## WORK ORDER
Could you retype the material, starting at its first line and ending with the line holding "A Japanese street", and keep the pictures out?

## DATA SECTION
= = = =

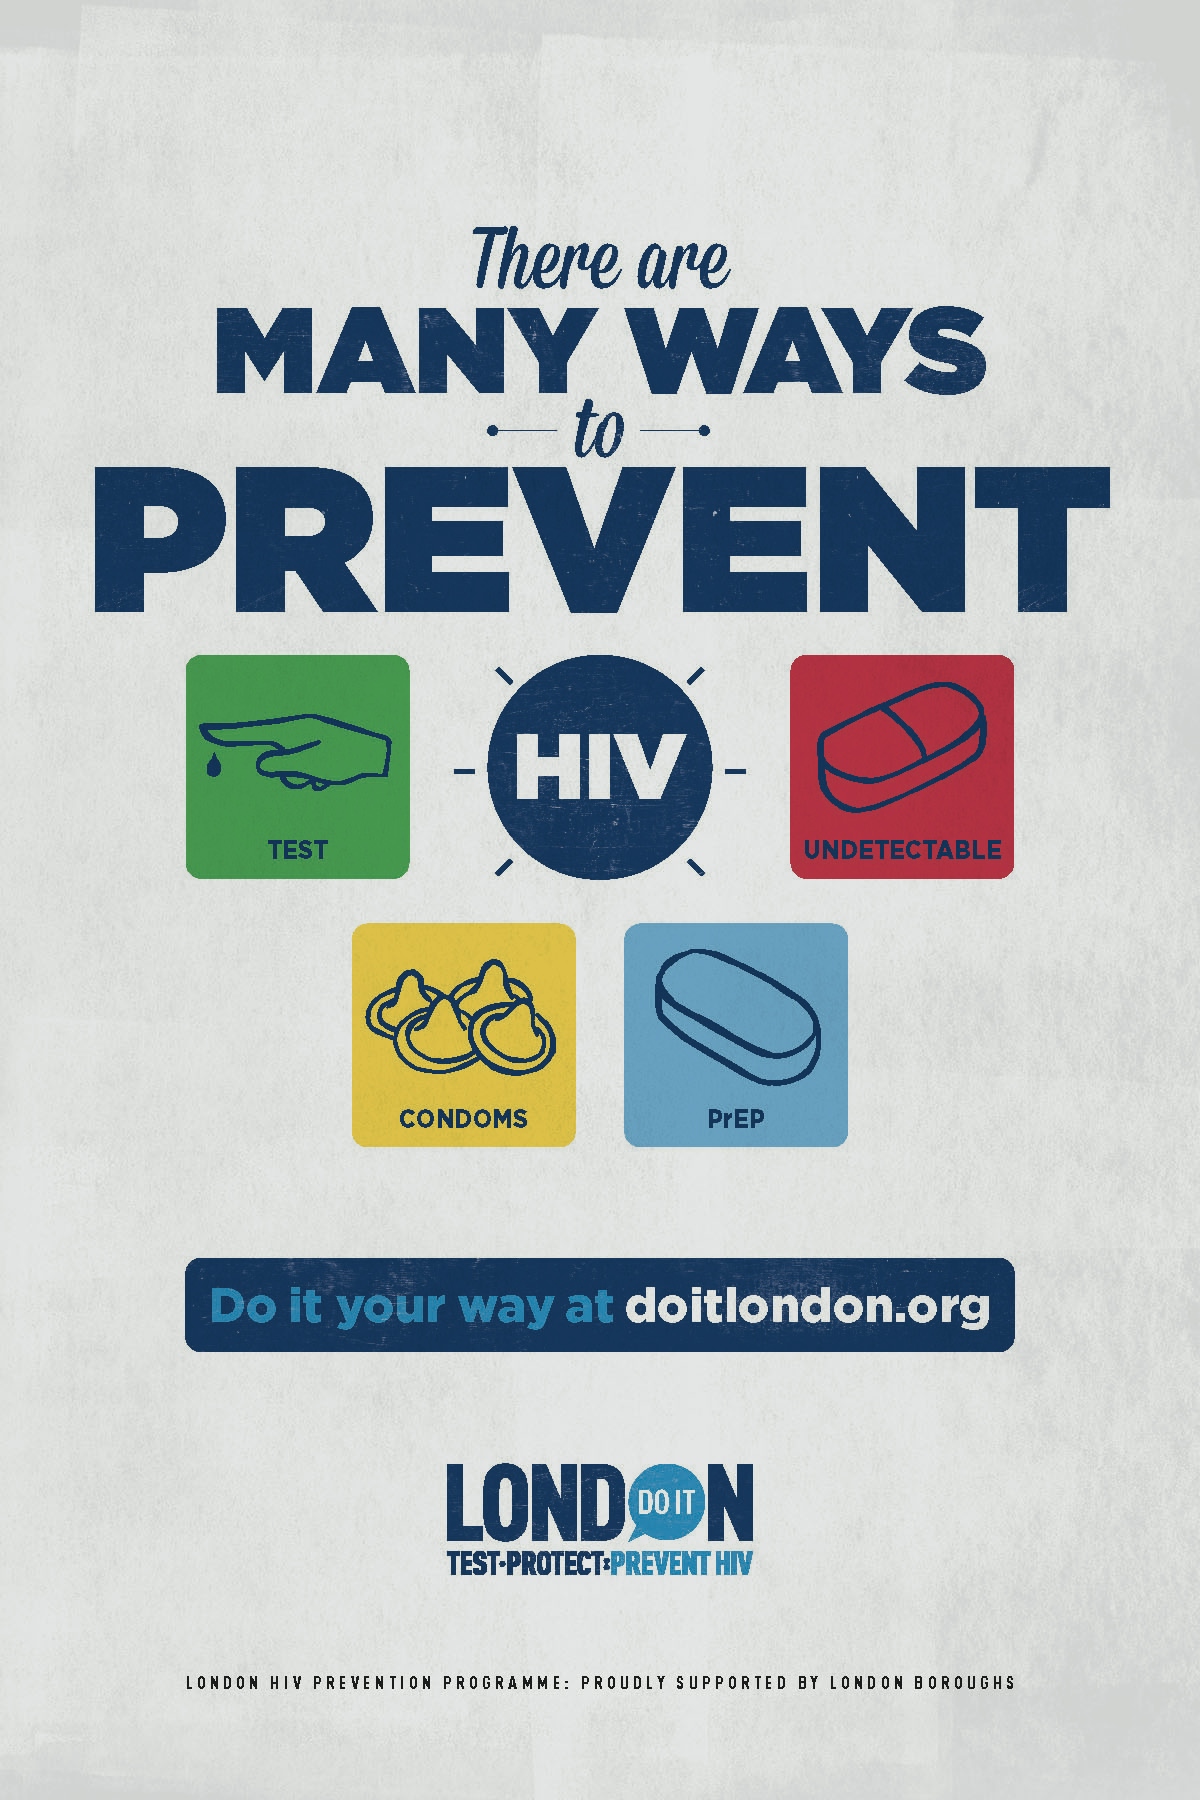 Do It London campaign poster, stating "There are many ways to prevent HIV" with four suggestions in colourful boxes: test, condoms, undetectable, PrEP.
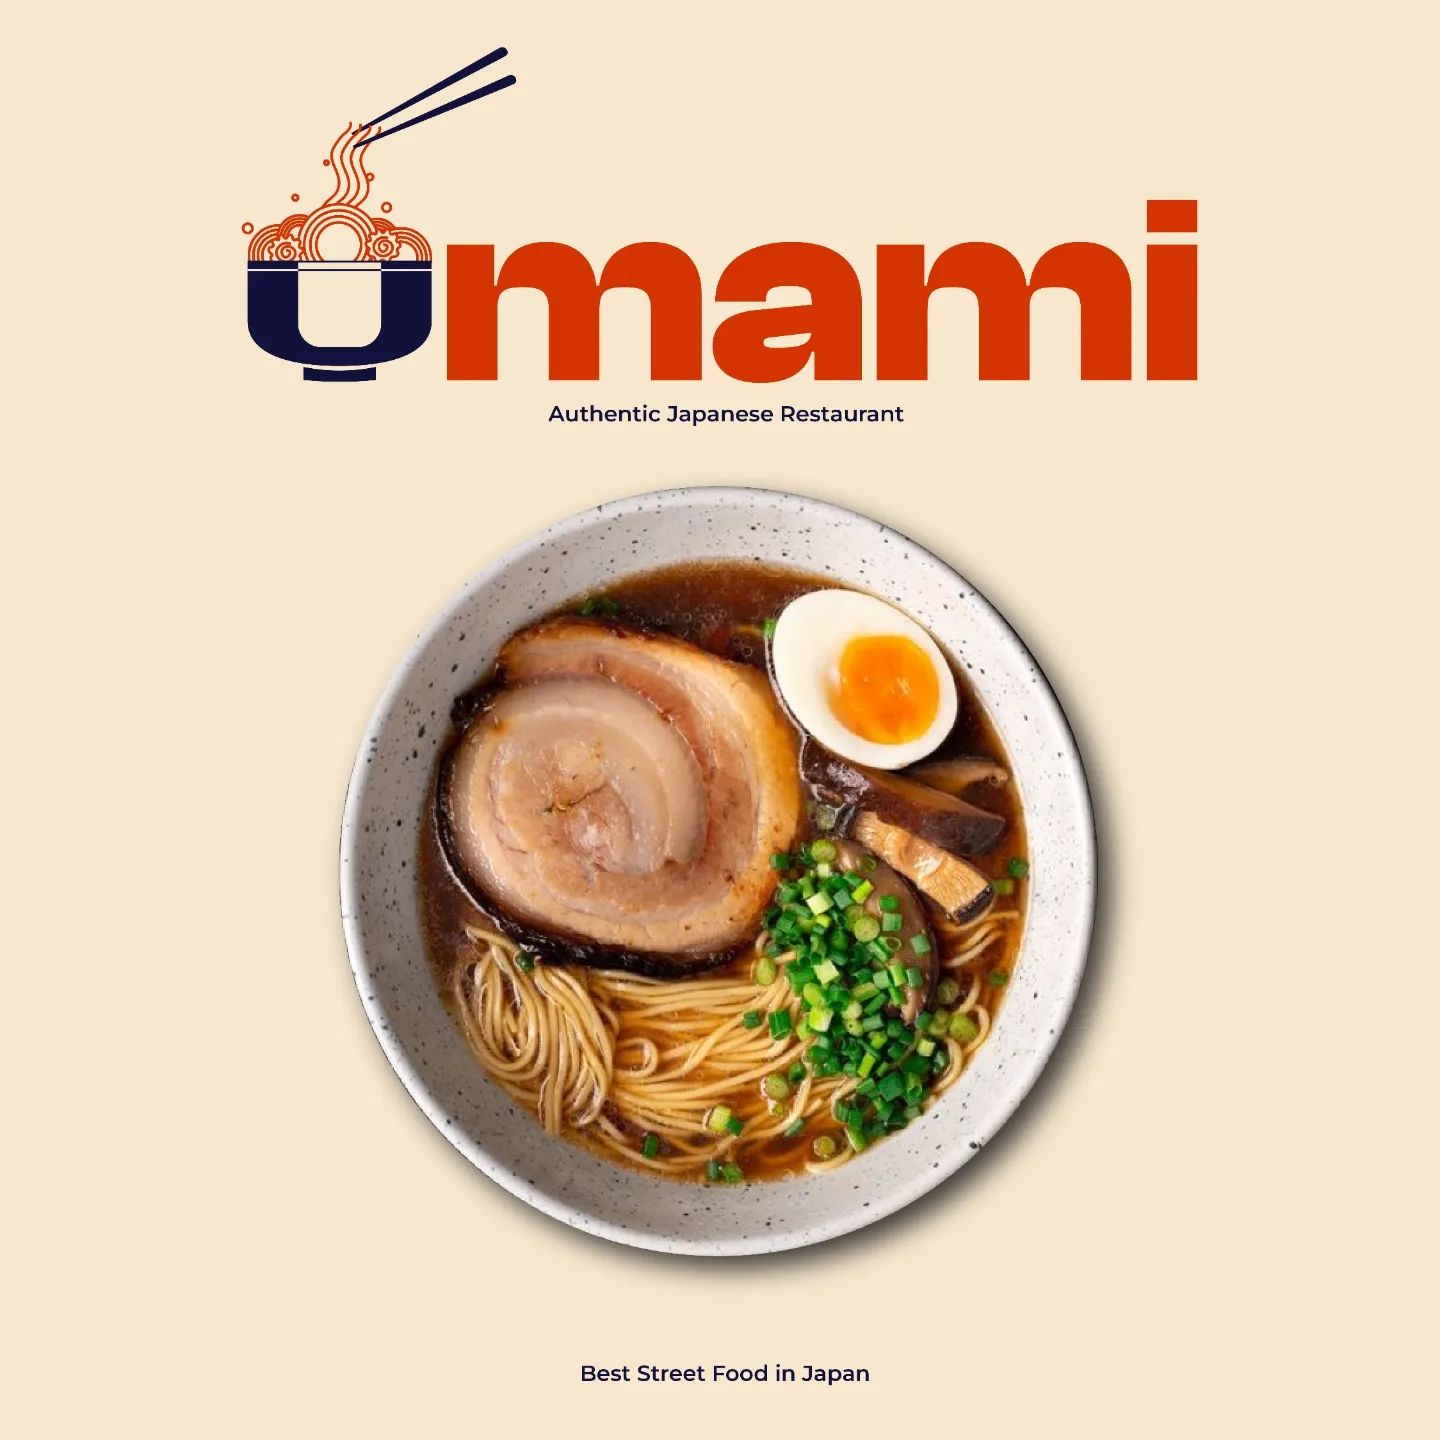 Umami—Brand Identity 🥢

A Japanese street food restaurant. They offer a diverse menu in an authentic and urban setting f
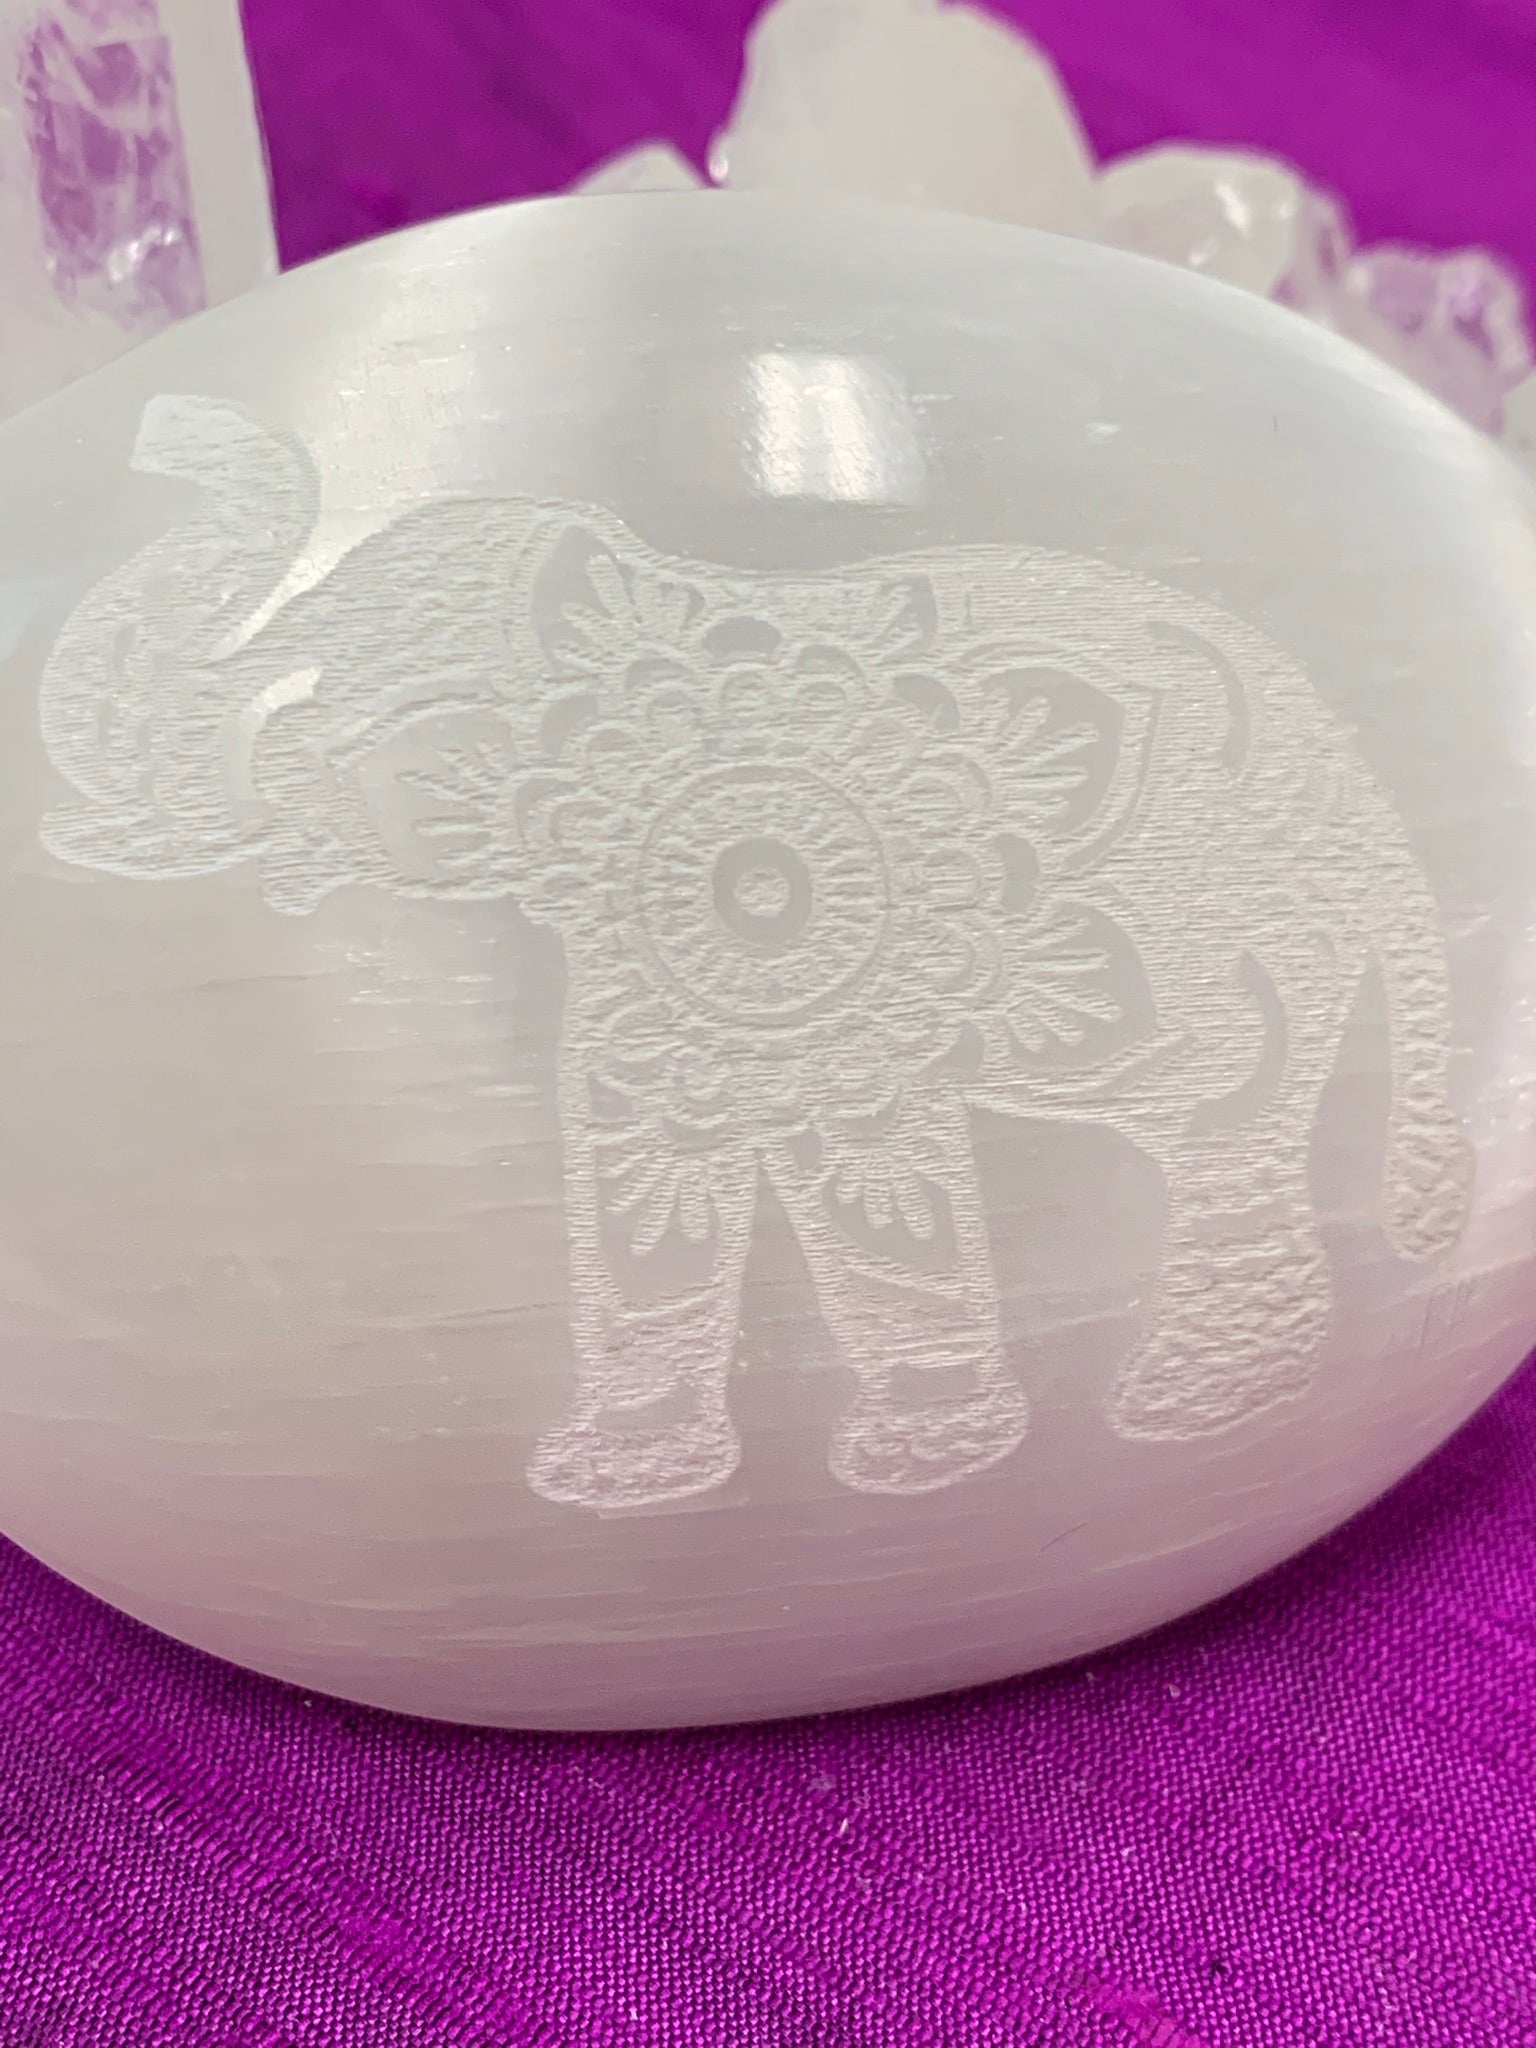 Close-up view of the ornately designed elephant etched on a smooth, polished selenite palm stone. The selenite stone can range from translucent to milky white in color. The weight of the stone varies, but the average weight is 4.2 oz and the average size is 3"x2.5", the perfect size to hold in the palm of your hand. These selenite stones are handmade and ethically sourced - workers are paid living wages.

= = = =

## EXERCISE RESPONSE
 Do It London campaign poster, stating "There are many ways to prevent HIV" with four suggestions in colourful boxes: test, condoms, undetectable, PrEP.
 Umami—Brand Identity 🥢

A Japanese street food restaurant. They offer a diverse menu in an authentic and urban setting f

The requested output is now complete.